What angers van der Ploeg is that countries that pride themselves on a hardline approach have worse drug problems than the Netherlands: Britain and France have nearly twice as many hard drug users proportionate to population - and France has four times as many drug-related deaths.
He recognises that one factor working against his preferred policy is the prevalence of sound-bite politics. "The easiest and often most effective thing politically is just to say 'get tough'." As a longtime watcher of British politics - he was a student at Sussex, and worked at both King's College and the London School of Economics - he admits to mild bemusement at New Labour's strong streak of social authoritarianism.
Yet even in Britain he senses a shift in attitudes. "It is ironic that the police and the churches now seem to be more progressive than the Labour Party. But the politicians are more open on the issue than they were in the 1970s."
Elsewhere in Europe there are positive moves towards the Dutch approach. "Some German states are seriously considering it, as is Belgium. In Zurich, the approach is now very similar to what you see in Amsterdam."
There are, inevitably, domestic Dutch pressures to shift policy back towards the Anglo-French approach. The Christian Democrats and the centre-right VVD, Labour's partner in the country's so-called "Purple Coalition" government have always regarded the policy warily and would certainly oppose any further liberalisation measures. But the shift to the left in May's general election means van der Ploeg may be able to accomplish one cherished project - allowing domestic cannabis producers to supply coffee shops.

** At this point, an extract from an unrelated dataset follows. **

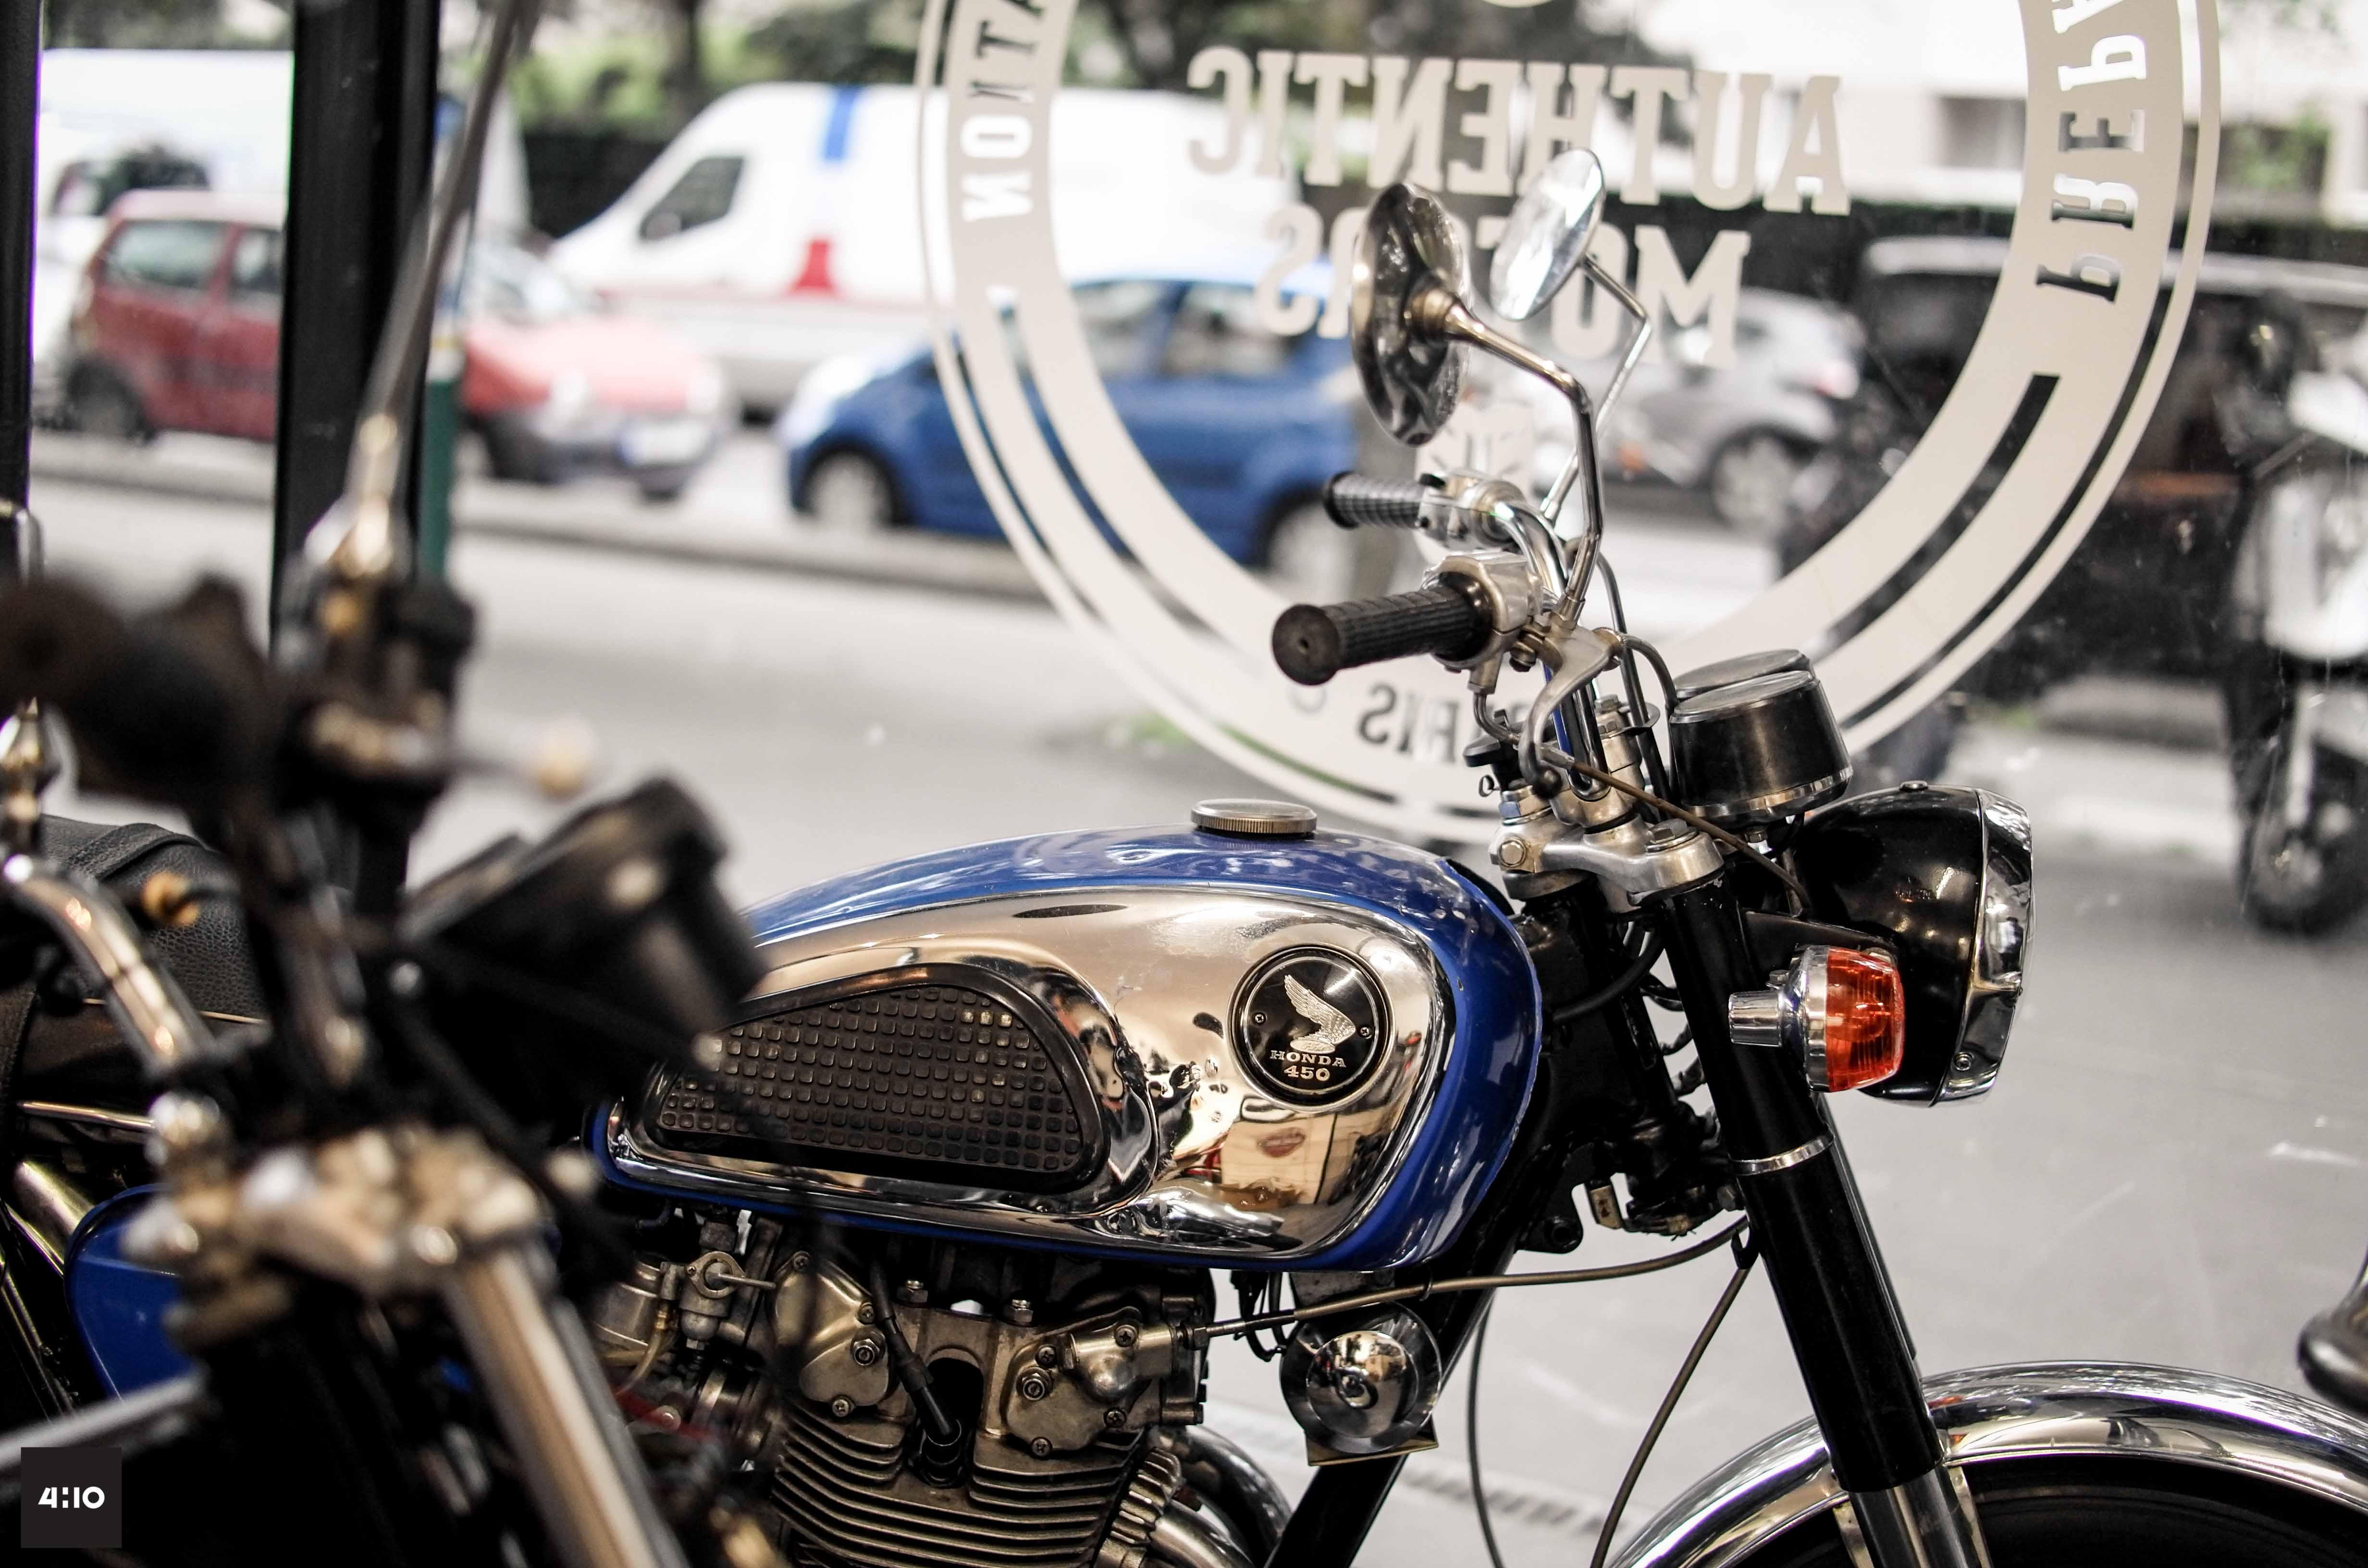 garage cafe racer paris id es d 39 image de moto. Black Bedroom Furniture Sets. Home Design Ideas

The cultivation of cannabis remains illegal in the Netherlands - but has, with the application of traditional horticultural skills, become an important business producing a high-quality plant - with the Super Skunk brand particularly prized. "There are four different varieties, varying from one which gets you high to one which blows your head off," explains van der Ploeg.

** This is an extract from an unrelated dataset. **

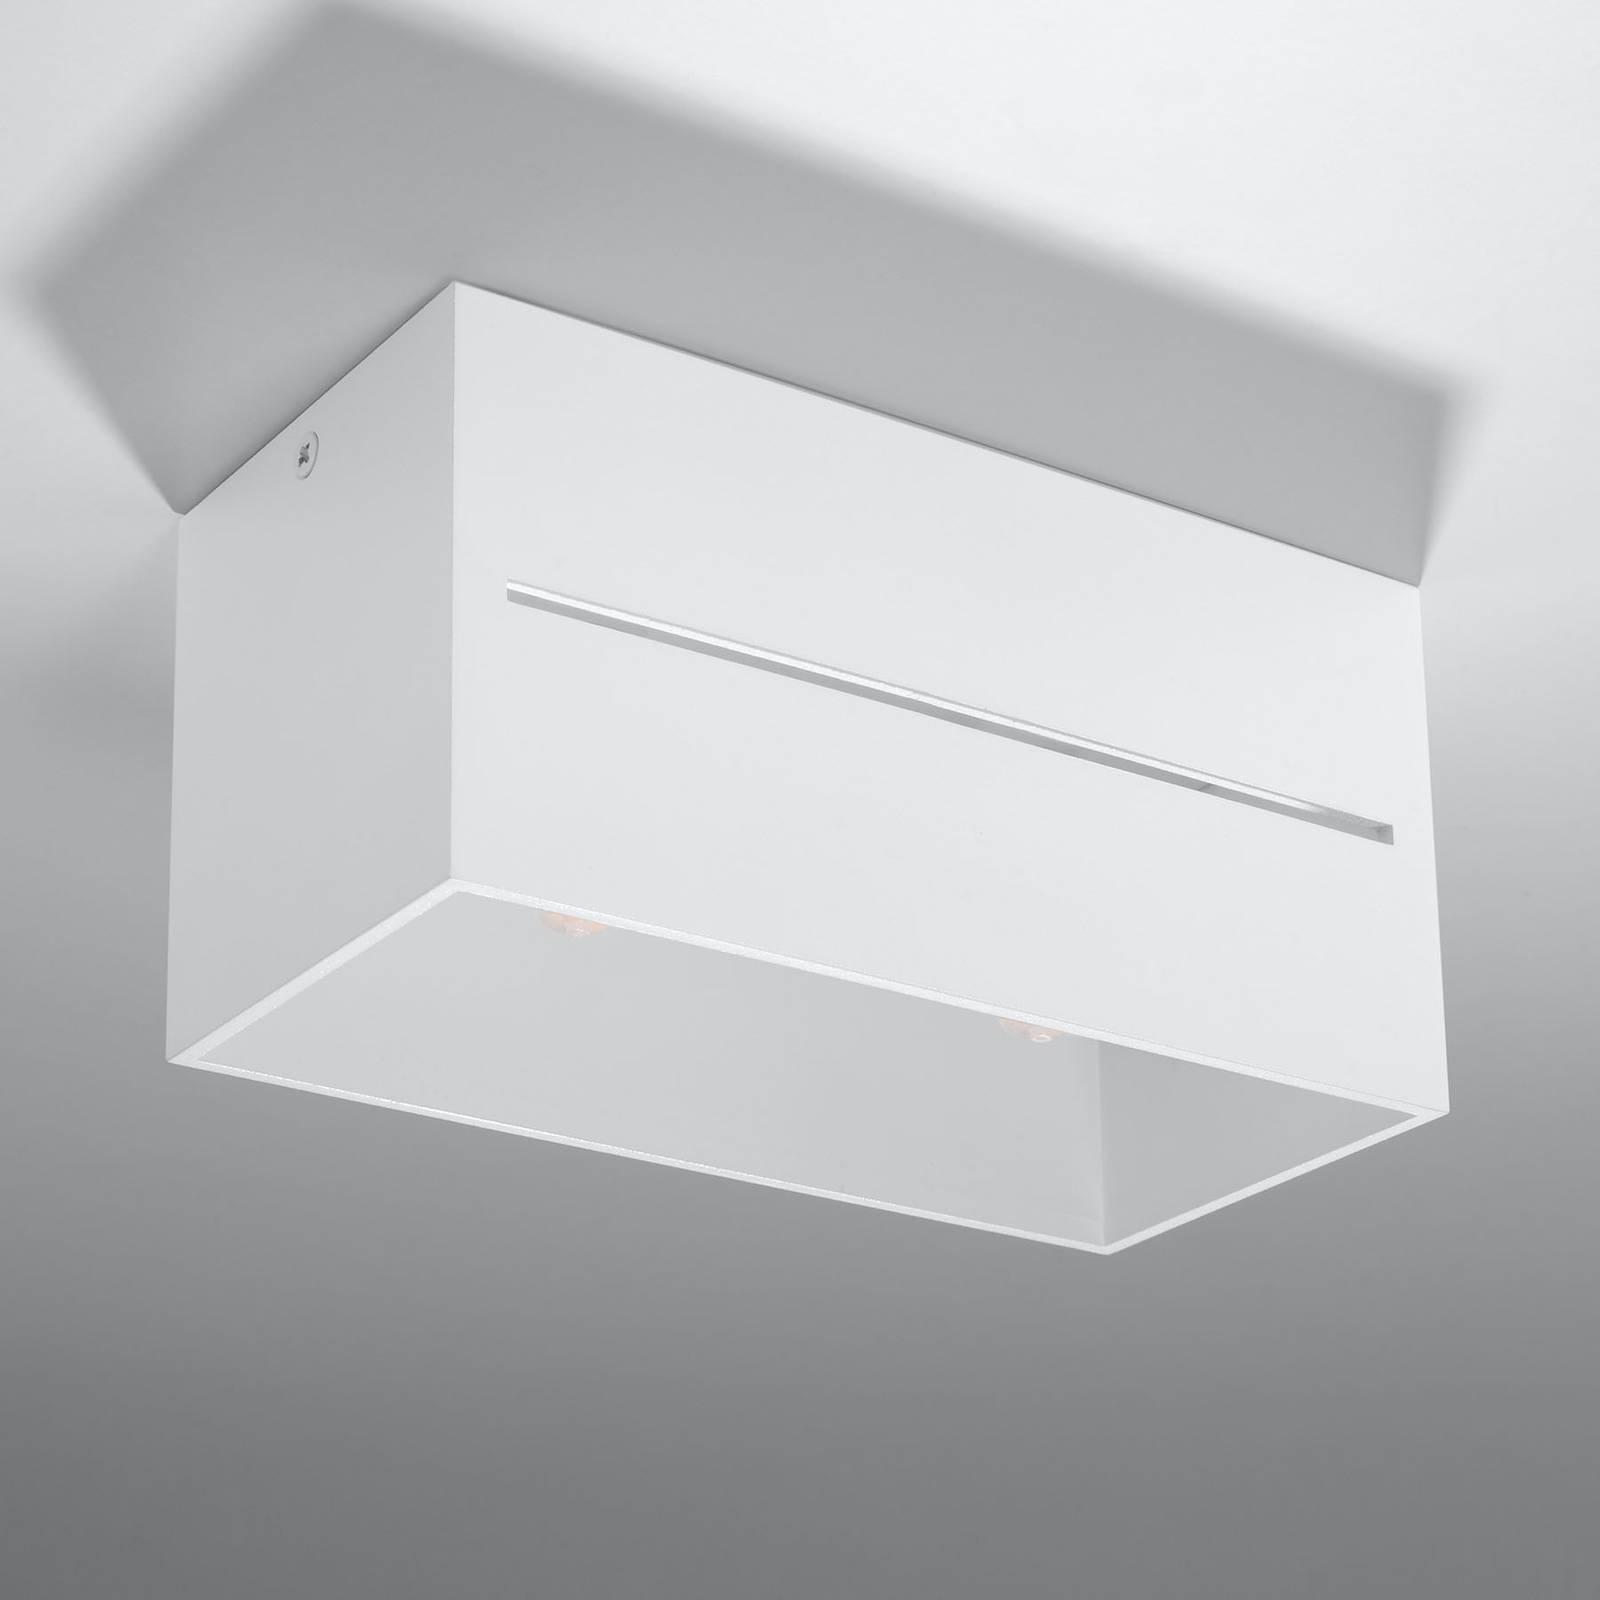 Kattovalaisin Top Maxi alumiinia, valkoinen

He argues that it is illogical to ban these producers, who could be regulated and taxed, from supplying the coffee shops. He believes that he can attract enough support from minority leftwing groups to push his view through. "Sometimes it is possible to do deals with parties outside the coalition to get a policy your coalition partners do not want. It is a bit like committing adultery," he explains.
There are more serious worries about the way the Netherlands has become a significant ecstasy-manufacturing and trading centre. "I am ashamed of this." But again the preferred response is pragmatic rather than retributive - to ensure that supplies of the drug are analysed medically before raves, with the aim of avoiding the tragedies that have followed the sale of impure tablets.

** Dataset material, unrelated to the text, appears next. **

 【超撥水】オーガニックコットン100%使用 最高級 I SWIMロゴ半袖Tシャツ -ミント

So will we ever see coffee shops and a tolerant drugs policy in the UK? "One thing it should not be described as is legalisation. If you start with that word you will frighten people off. But I don't doubt that Britain could adapt - it seems to me to be an essentially tolerant society, which has been able to accommodate, for instance, ethnic minorities and gays."
He even points to a possible future for Britain as a world leader in research on the medical uses of cannabis, noting that Dutch company Horta Pharm has been granted a licence to export cannabis seeds for use by British company GW pharmaceuticals.
He is less sanguine about the prospects for France. "I find it hard to imagine the country that has the gendarmerie making the necessary adjustments," he says.